In this example we will demonstrate the ClassAppearanceModel callback included in torchbearer. This implements one of the most simple (and therefore not always the most successful) deep visualisation techniques, discussed in the paper Deep Inside Convolutional Networks: Visualising Image Classification Models and Saliency Maps
Note: The easiest way to use this tutorial is as a colab notebook, which allows you to dive in with no setup. We recommend you enable a free GPU with
Runtime → Change runtime type → Hardware Accelerator: GPU
First we install torchbearer if needed.
try:
import torchbearer
except:
!pip install -q torchbearer
import torchbearer
print(torchbearer.__version__)
0.4.0.dev
The process to obtain Figure 1 from the paper is simple, given a particular target class $c$, we use back-propagation to obtain
\begin{equation} \arg\!\max_I \; S_c(I) - \lambda\Vert I \Vert_2^2\; , \end{equation}where $S_c(I)$ is the un-normalised score of $c$ for the image $I$ given by the network. The regularisation term $\Vert I \Vert_2^2$ is necessary to prevent the resultant image from becoming overly noisy. More recent visualisation techniques use much more advanced regularisers to obtain smoother, more realistic images.

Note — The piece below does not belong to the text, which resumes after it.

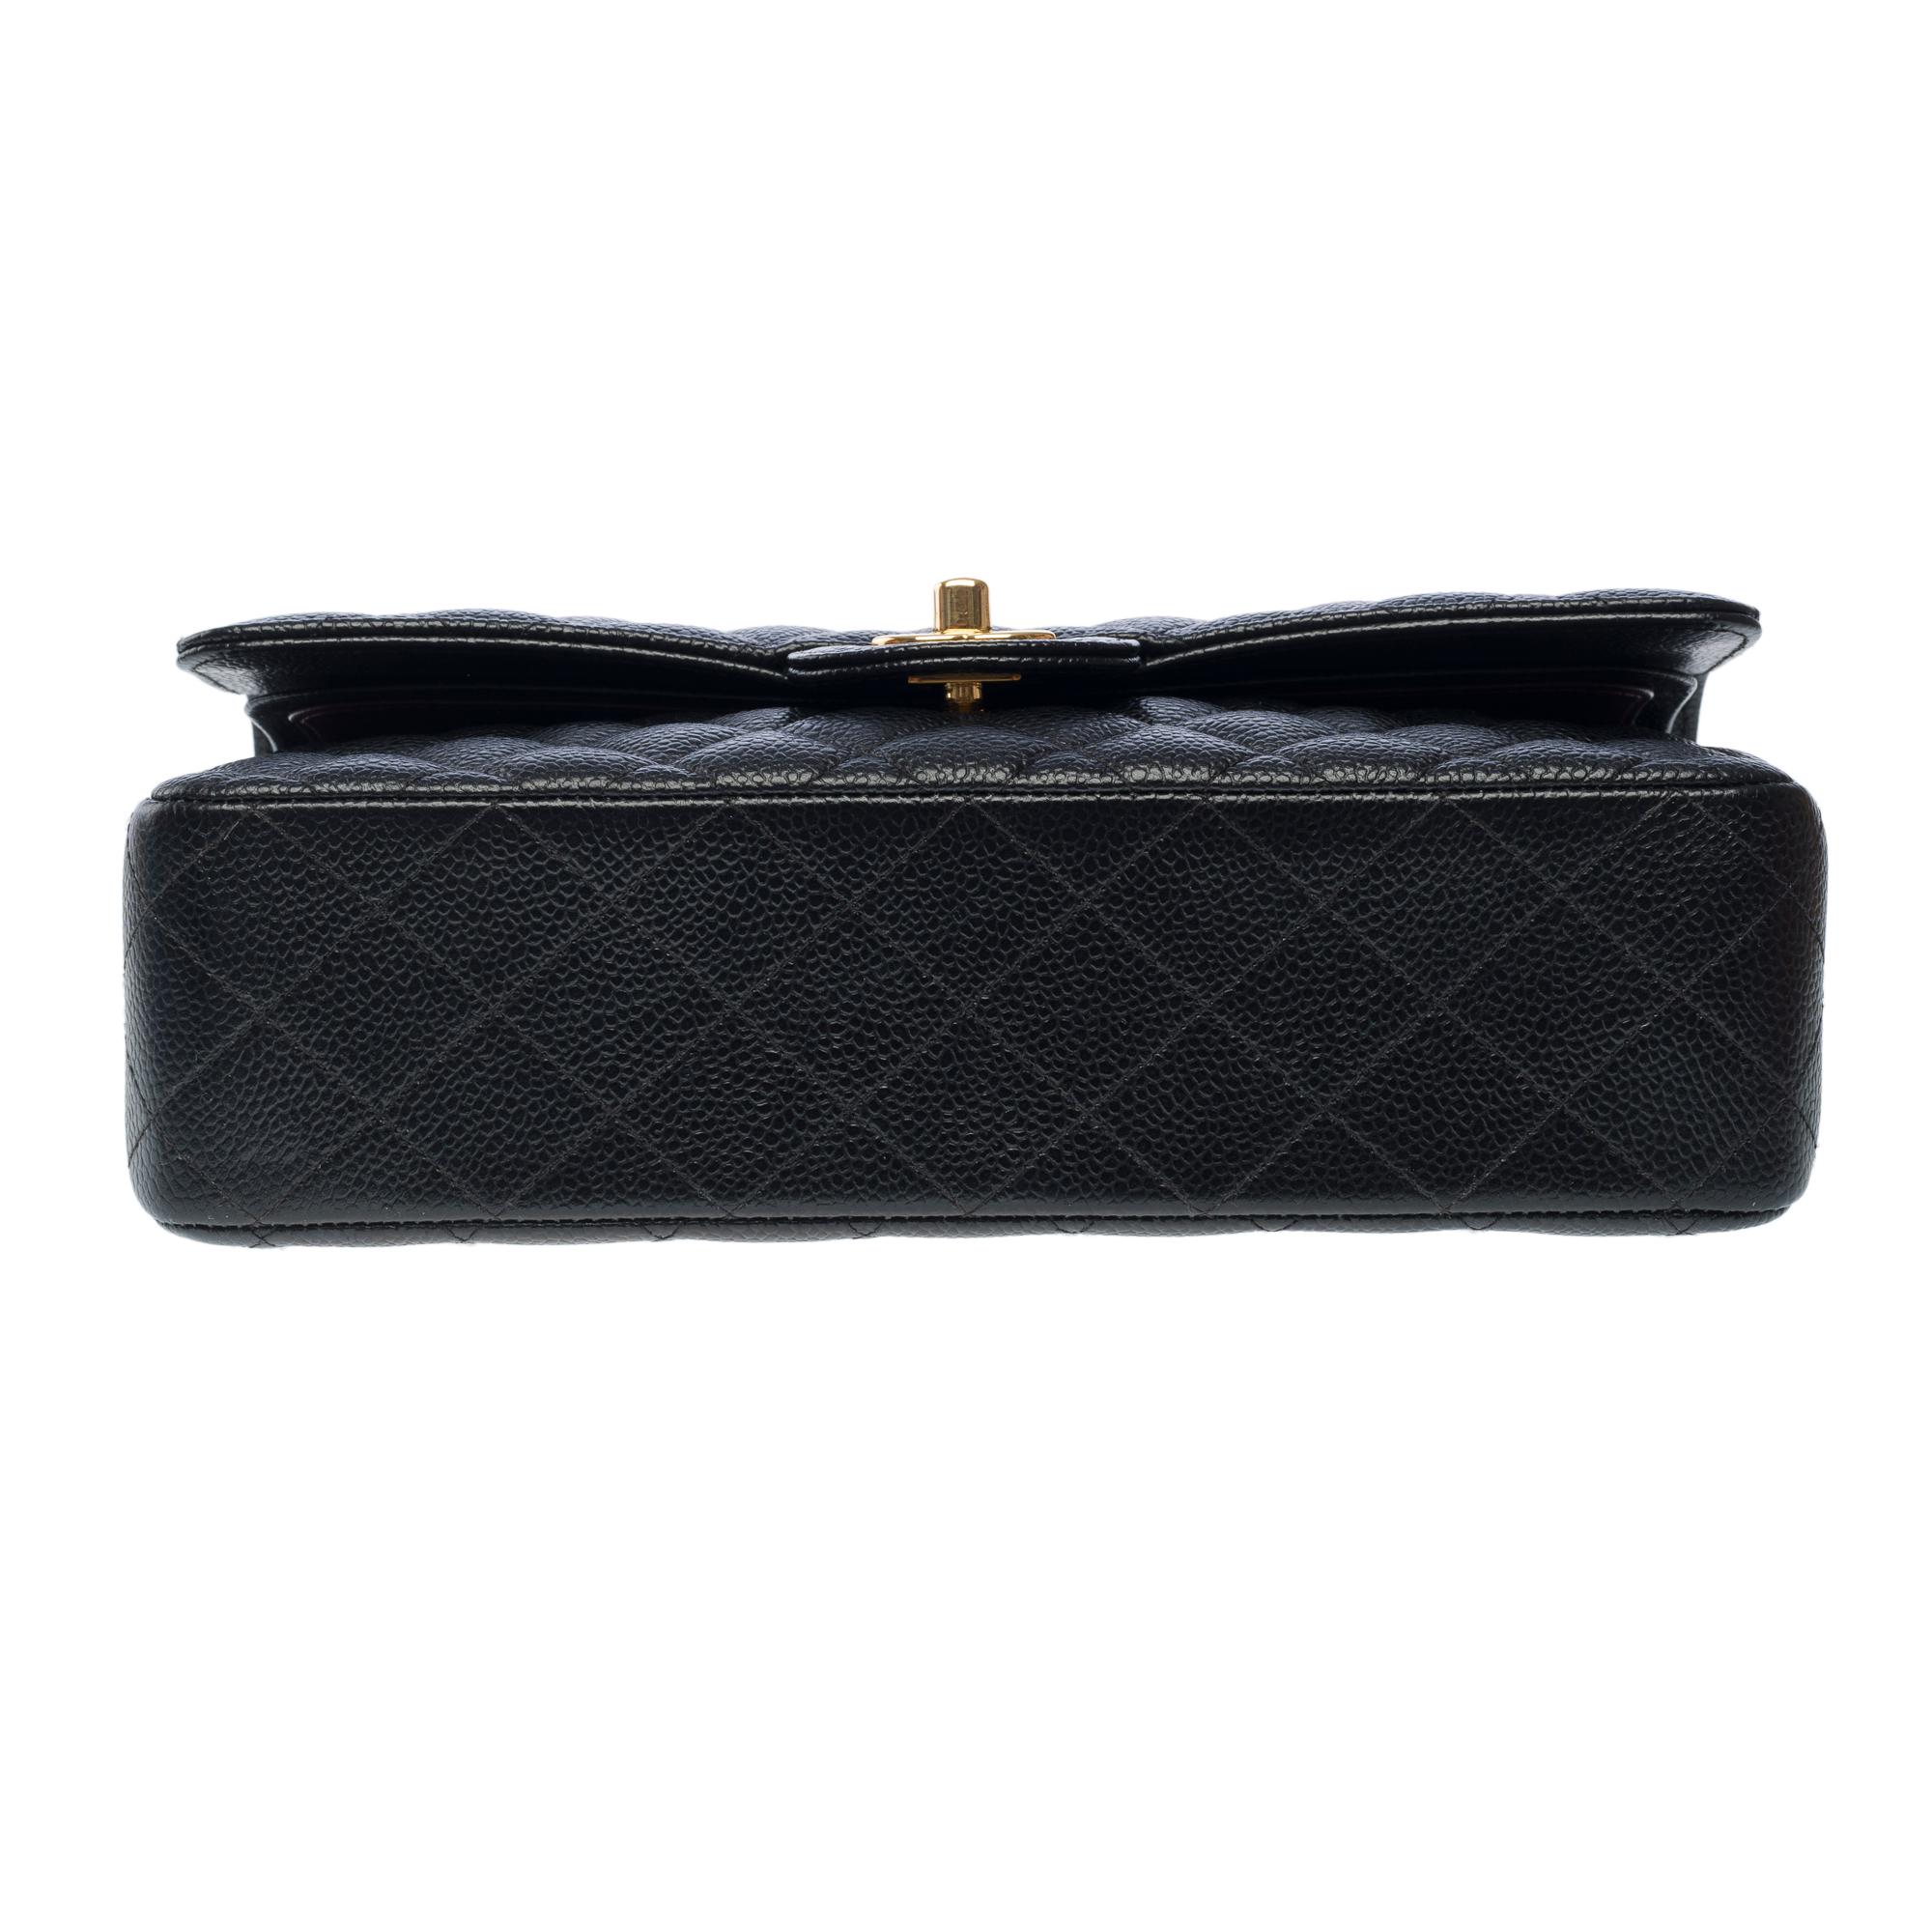 Chanel Timeless double flap shoulder bag in Black Quilted Caviar leather, GHW 7

Since we are just running the callback on a pre-trained model, we don't need to load any data in this example. Instead, we use torchvision to load a VGG16 trained on ImageNet with the following:
import torch.nn as nn
import torchvision
class Model(nn.Module):
def __init__(self):
super(Model, self).__init__()
self.net = torchvision.models.vgg16(True)
def forward(self, input):
if input is not None:
return self.net(input)
model = Model()
We need to include the None
check as we will initialise the Trial
without a dataloader, and so it will pass
None
to the model forward.
When producing gradient based visualisations, we commonly need to include a transform to convert the input to the right space. For torchvisions ImageNet models we can use the following:
from torchvision import transforms
normalize = transforms.Normalize(
mean=[0.485, 0.456, 0.406],
std=[0.229, 0.224, 0.225]
)
Finally we can construct and run the Trial
with:
%matplotlib inline
import matplotlib
matplotlib.rcParams['figure.figsize'] = (8.0, 8.0)
import torch
from torchbearer import Trial
from torchbearer.callbacks import imaging
device = 'cuda' if torch.cuda.is_available() else 'cpu'
trial = Trial(model, callbacks=[
imaging.ClassAppearanceModel(1000, (3, 500, 500), steps=128, target=951, decay=0.002, in_transform=normalize)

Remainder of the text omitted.